▸ **GIVEN RECORDS**
* * * * *

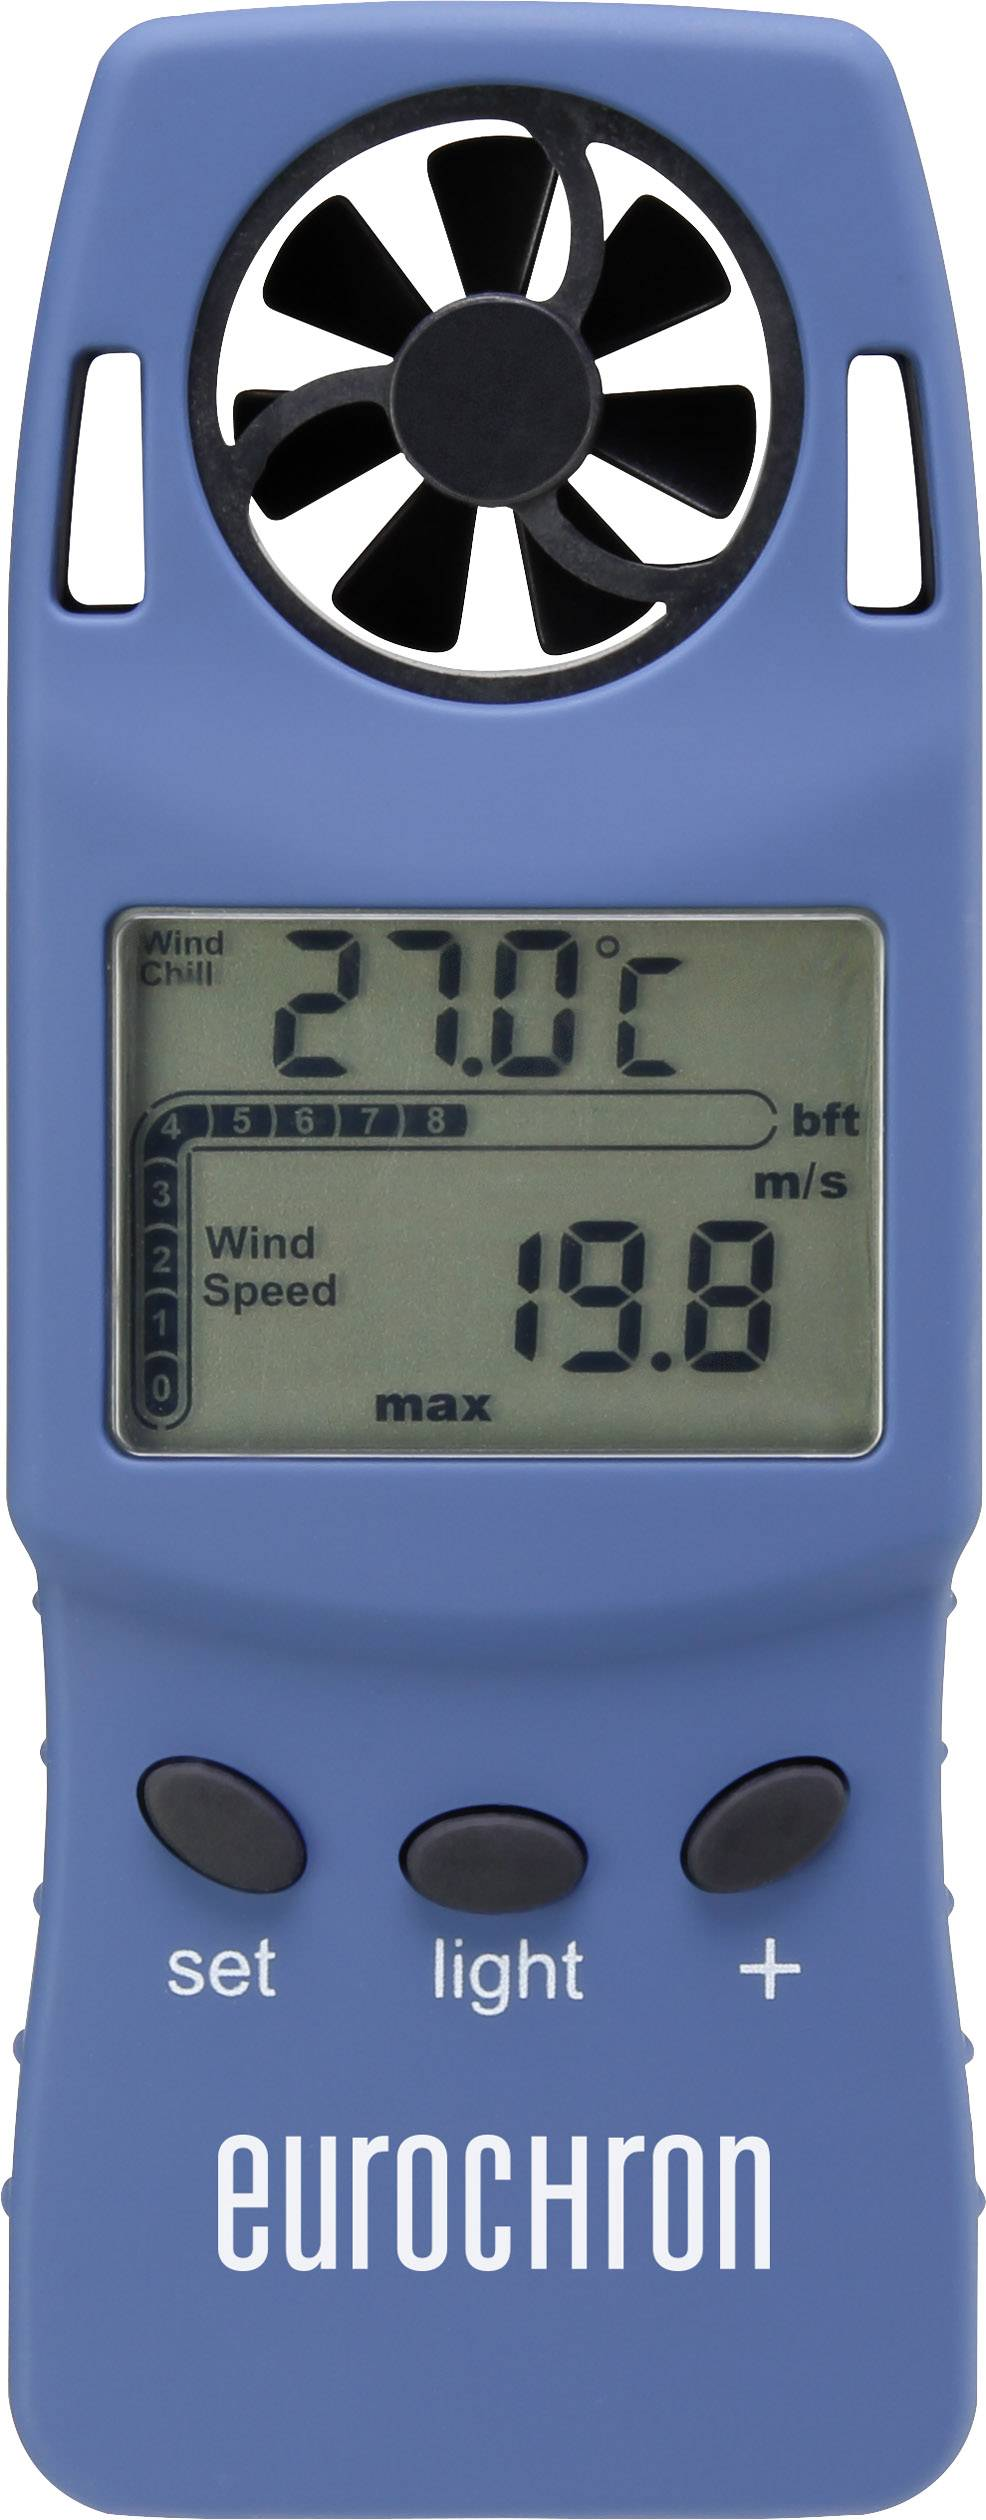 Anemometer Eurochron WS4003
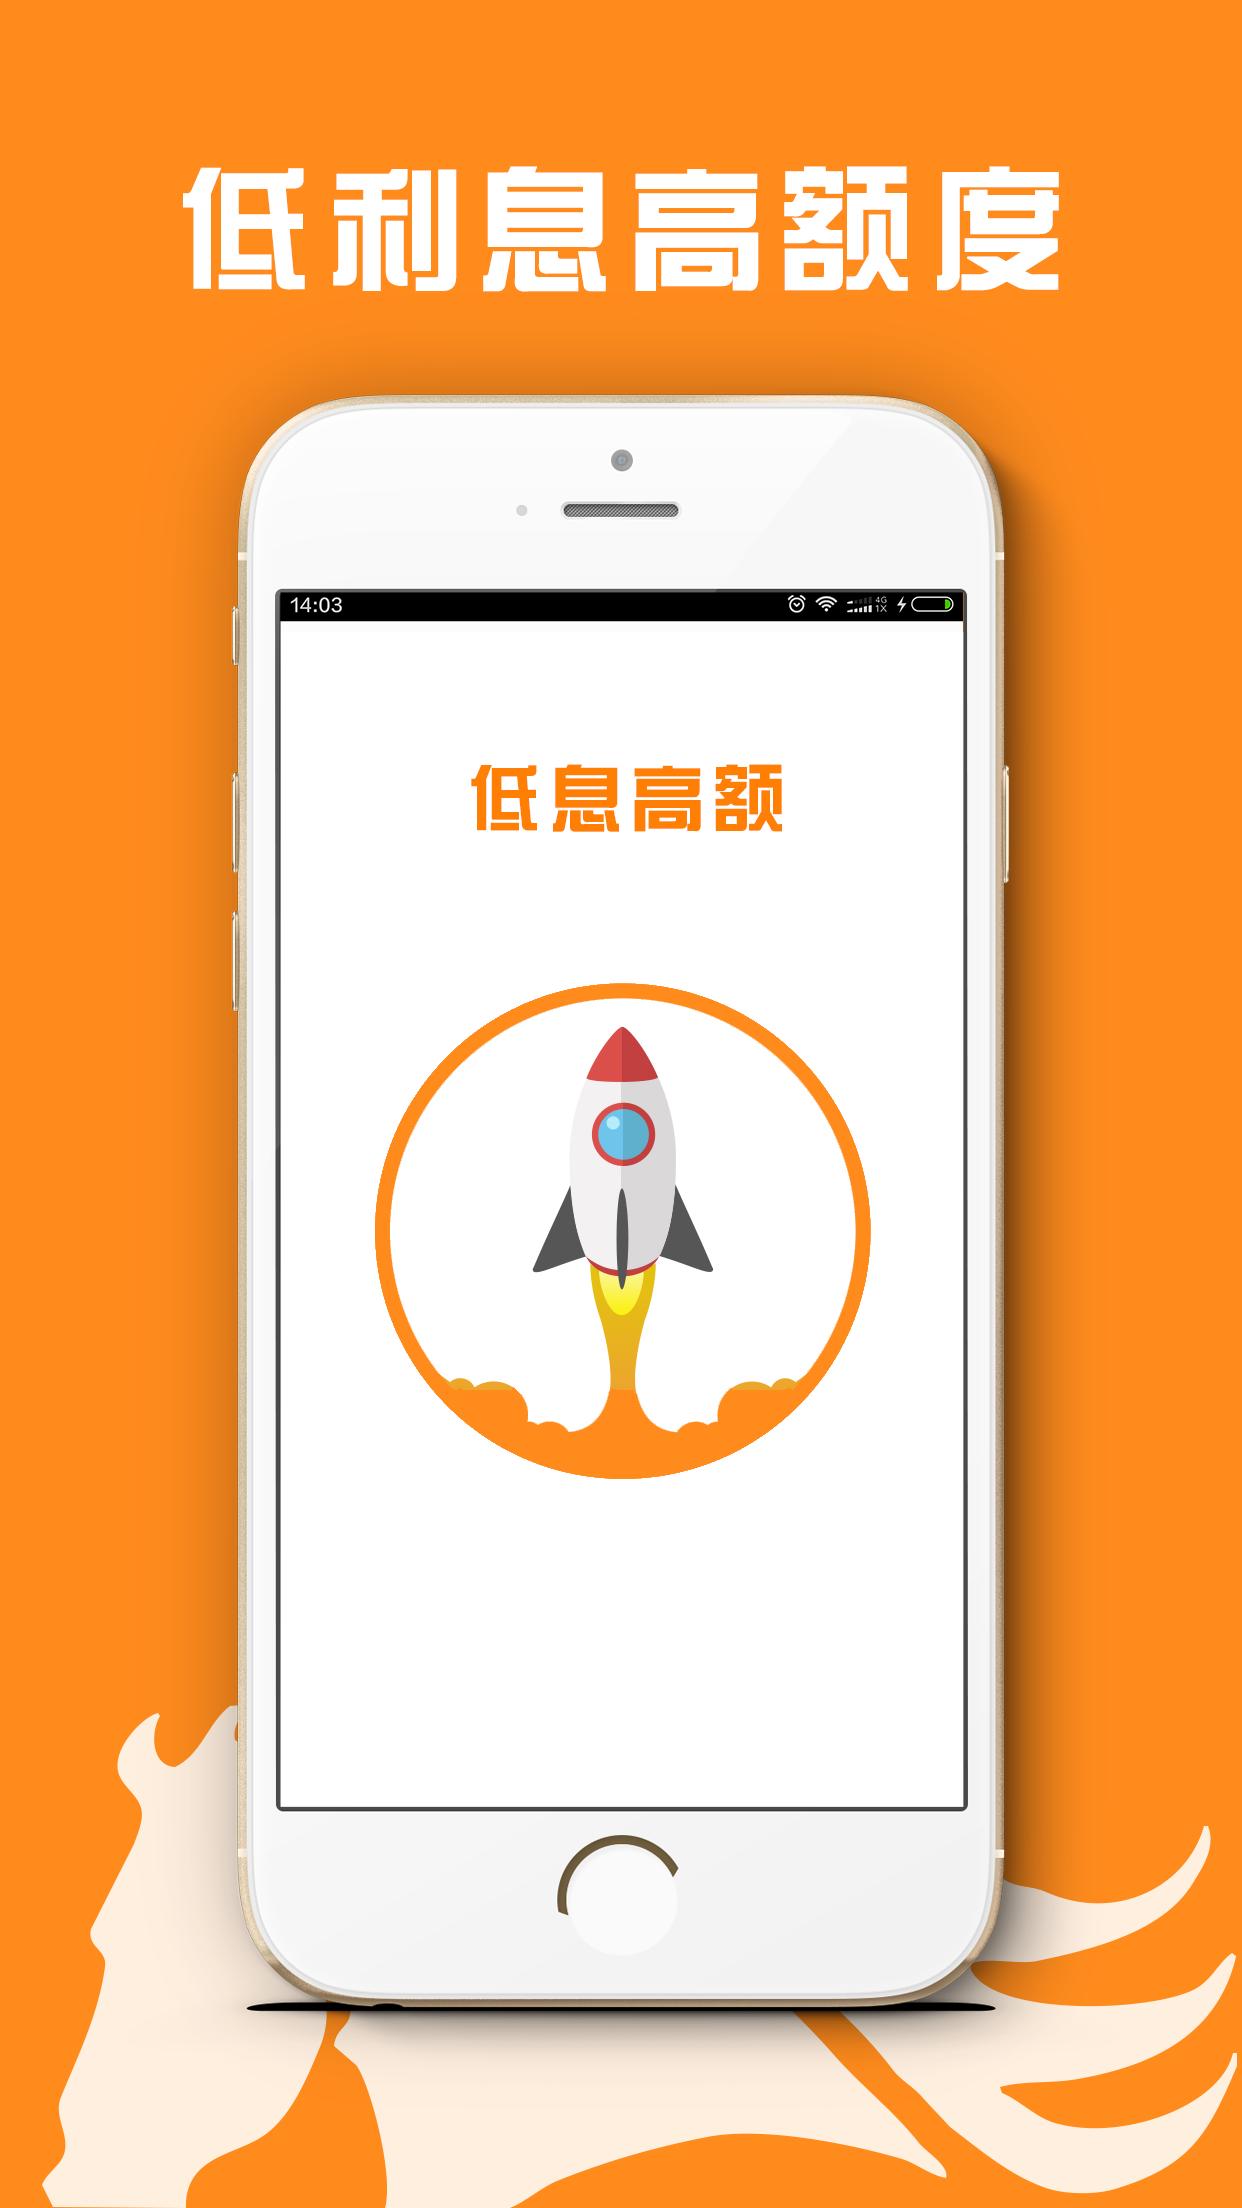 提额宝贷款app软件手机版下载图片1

* * * * *

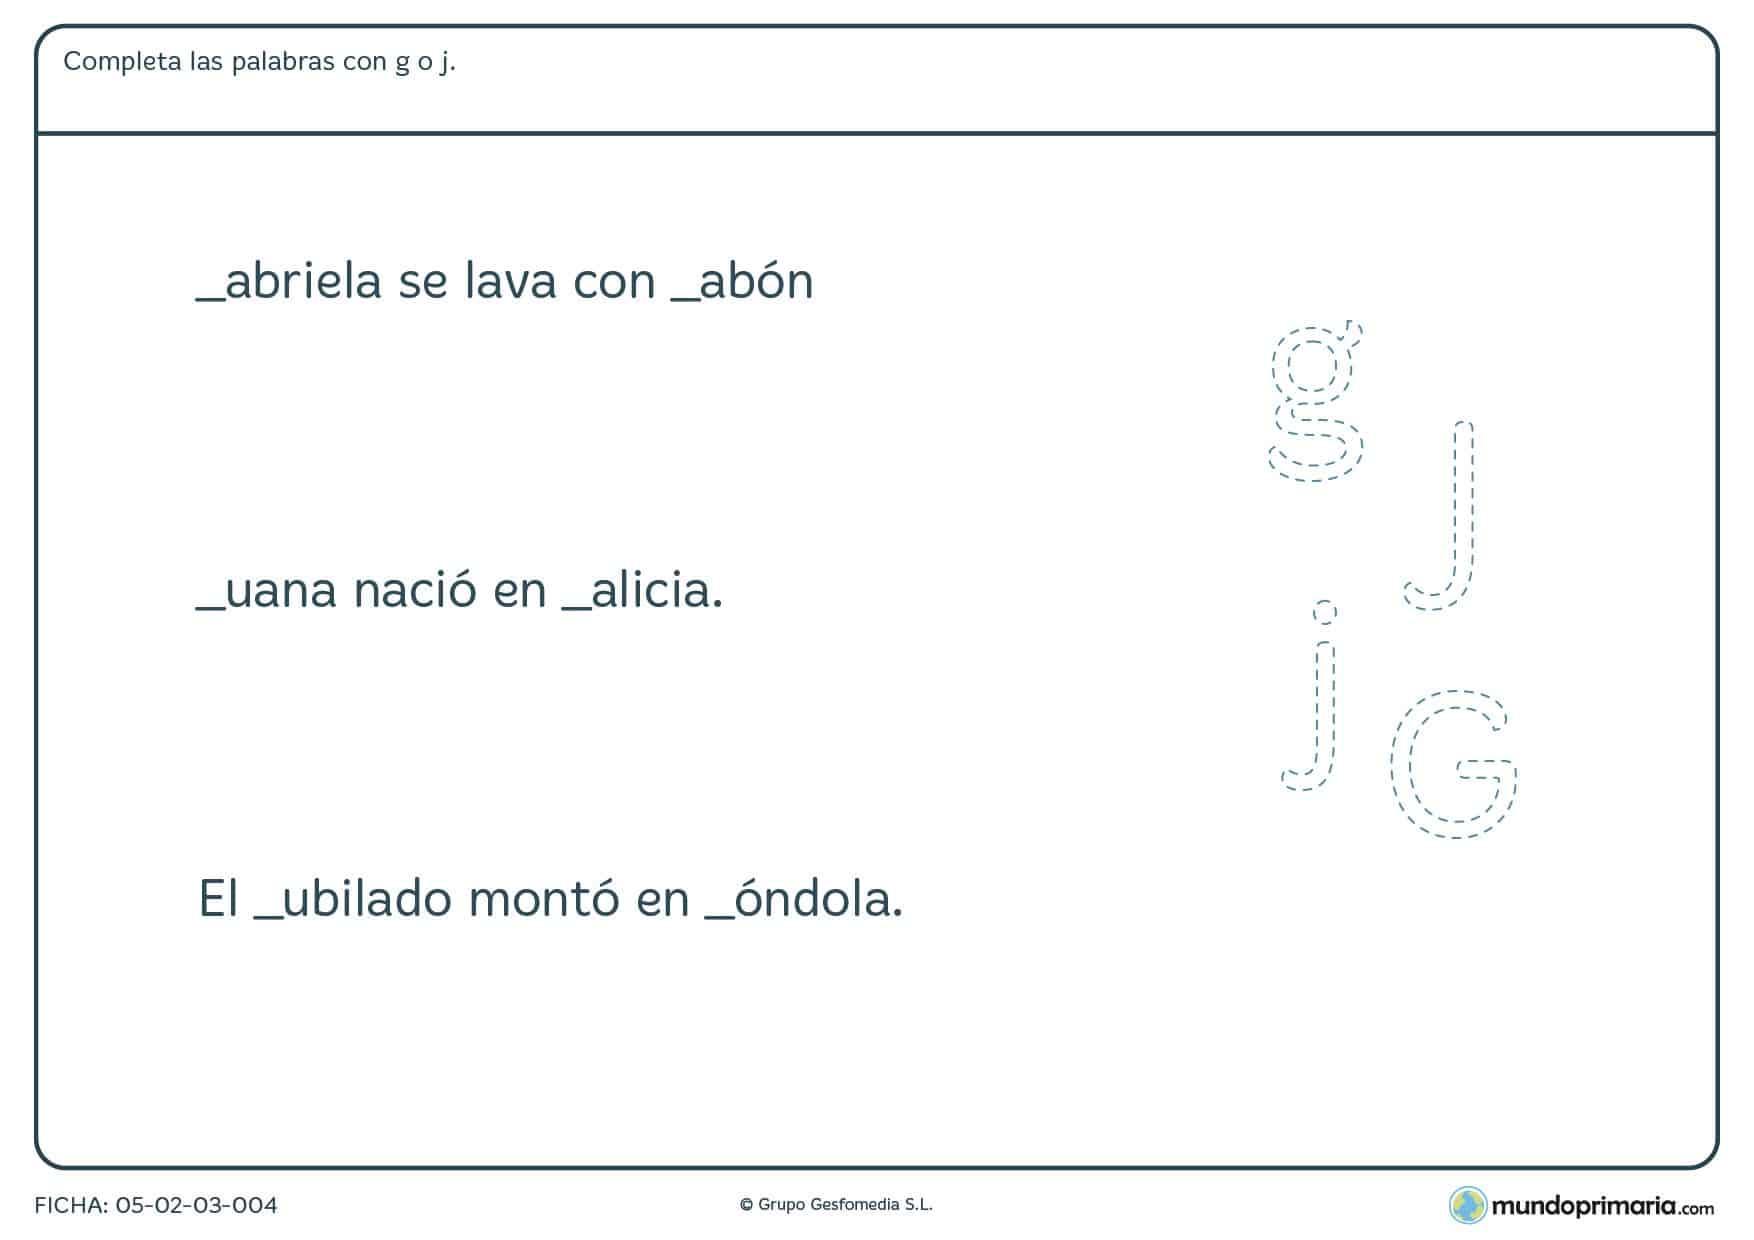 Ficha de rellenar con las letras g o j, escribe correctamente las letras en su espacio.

* * * * *

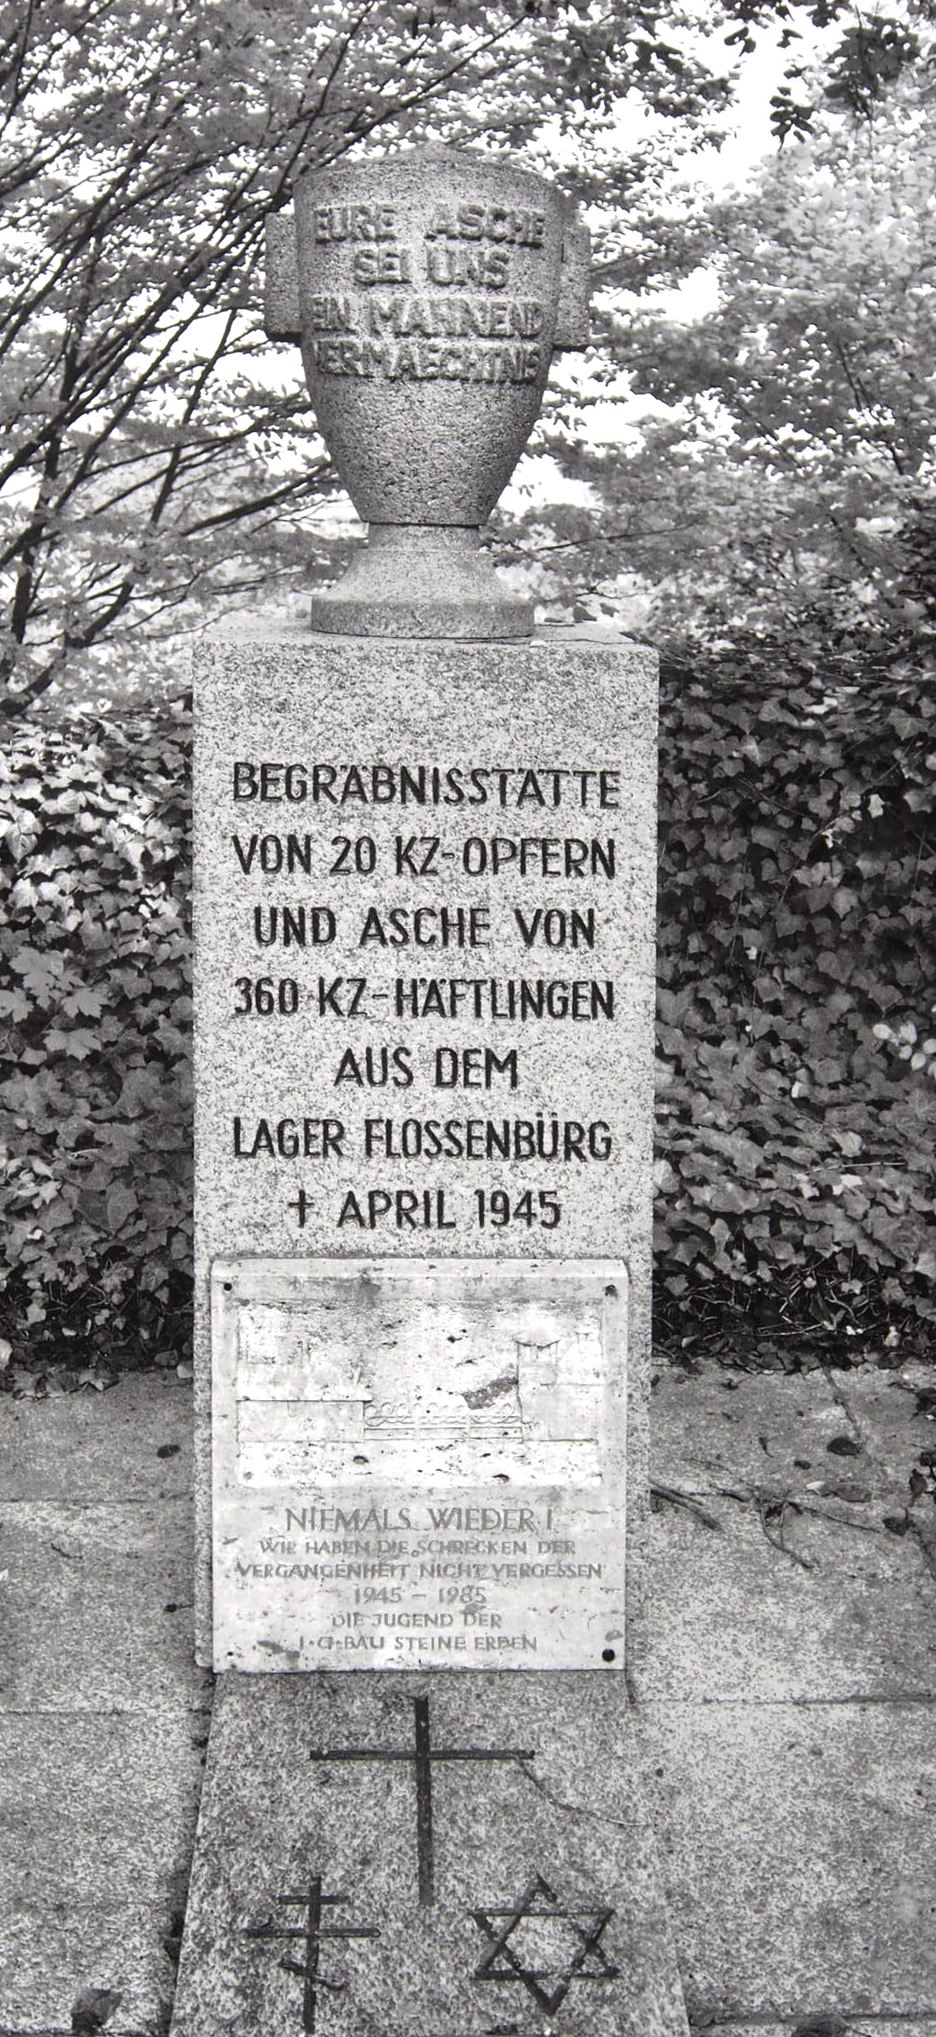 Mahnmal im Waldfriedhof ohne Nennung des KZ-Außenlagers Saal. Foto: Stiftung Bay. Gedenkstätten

* * * * *

▸ **YOUR INSTRUCTIONS**
Return, exactly as they stand, the lines above from the one with "Anemometer Eurochron WS4003" to the one with "提额宝贷款app软件手机版下载图片1", omitting any pictures among them.

▸ **ANSWER TO THIS PROBLEM**
 Anemometer Eurochron WS4003
 提额宝贷款app软件手机版下载图片1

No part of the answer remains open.